SI: A really good example of you not using tofu is the coconut bacon.

CG: It's yummy. I wish I could say I invented that, but I didn't. I stole it directly from Ryland Engelhart at Cafe Gratitude. I ran Cafe Gratitude in the Bay Area for like nine or 10 years. 

SI: Wherever you stole it from, thanks for serving it.

CG: It's flaked coconut and then it's got some olive oil, salt, fresh ground chipotle and maple syrup. It's amazing. I love it.

SI: Not as a chef, but as a person, do you prefer a sweet or savory brunch?

CG: Savory, but I often will crave the sugar. I want the French toast, I want the pancakes, but I feel myself naturally gravitating toward that [savory] these days because it's going to make me sugared-out. But I like it. I love pancakes. Anything with bread and syrup, I love it.

SI: Your menu doesn't take the easy way out in terms of using store-bought cheese and things like that. What inspires you to be better?

CG: I'm really very committed to organics. That runs my show, first of all. And I'm really committed to homemade foods. If you're looking at being organic and vegan and you don't want to use a lot of processed food, you're going to do a lot of veggie prep – a lot of peeling, roasting, pureeing, sauteing and braising. It's tons and tons of work and it's worth it because I love, love, love the vegetable.
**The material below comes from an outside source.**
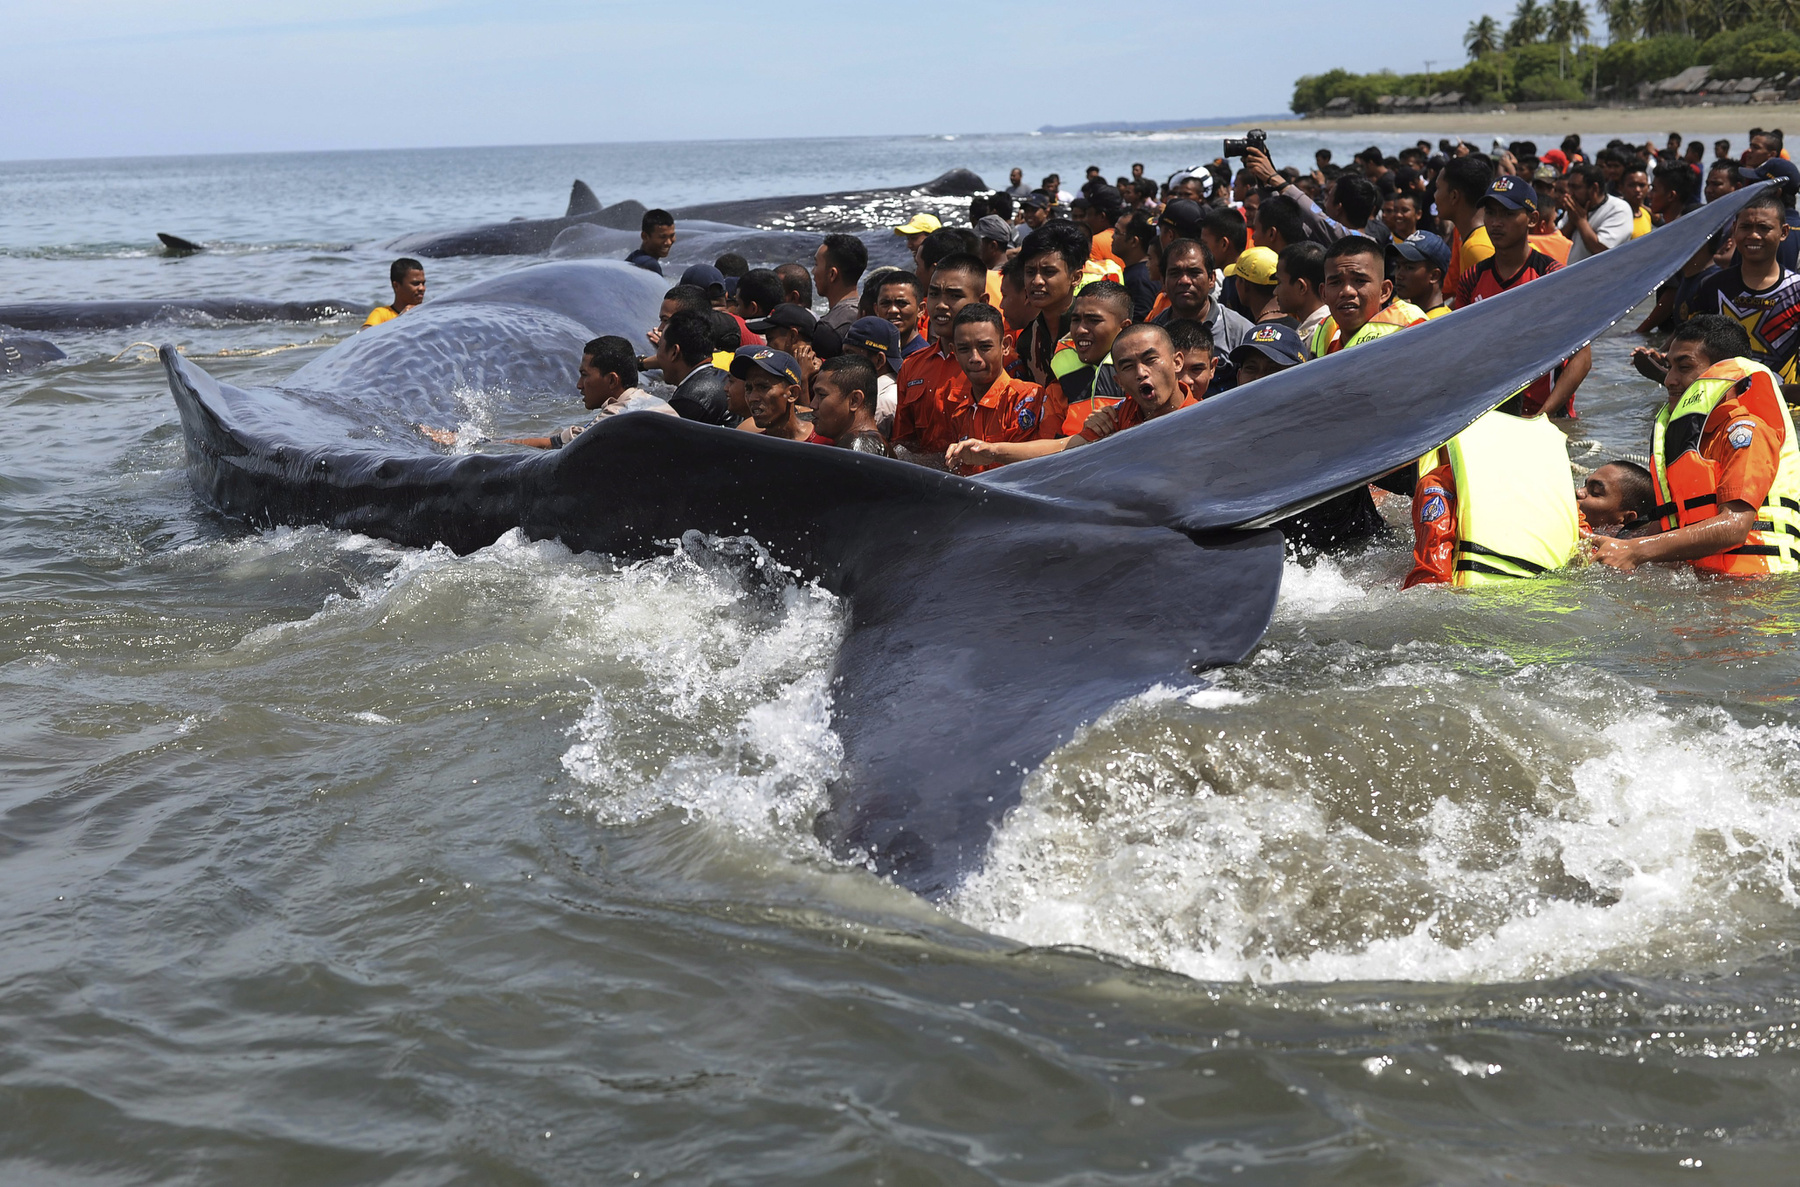 Partra vetődött óriás ámbráscetek (Physeter macrocephalus) tetemeit nézik helyibeliek a Szumátra indonéz sziget Banda Aceh városának tengerpartján 2017. november 14-én. Az előző napon kilenc ámbráscet rekedt a parton, ebből az állatvédők és helyi önkéntesek erőfeszítése ellenére négy végül elpusztult, a többi öt példányt sikerült visszajuttatni az óceánba.

I'm inspired by what I want to eat, and by the way I want to affect this planet. I don't want to create disease – I want to create health and vibrancy all the way around. And I want to eat things that taste good and make me feel good. Probably the biggest motivator is I want to make what I want to eat.

SI: Of all the brunch items, what stands out as the most difficult to create a vegan version of?

CG: It's difficult to make a really good, high-quality vegan sausage. I'm working on that right now. Texturally, without using soy and wheat gluten: That's been difficult for me. 

SI: Do you have tips for making a vegan brunch at home?

CG: Start with really great ingredients. I would stay away from processed ingredients like soy cream cheeses. I would read; reading is amazing. There's a lot of stuff out there now. I would think about what people like in the non-vegan world and I would conceptualize that and recreate it in as many whole products as I can use. If you're using good ingredients, it's going to be good.

SI: You started college studying English literature.

CG: That's true. It didn't work out.

SI: You made the right decision for lots of reasons, by the way. So when is the cookbook coming out?

CG: I don't know. That's what we keep talking about. It's really about nailing me down because I don't like to write things down too much. It's going to happen, but I don't know when. When something forces me to.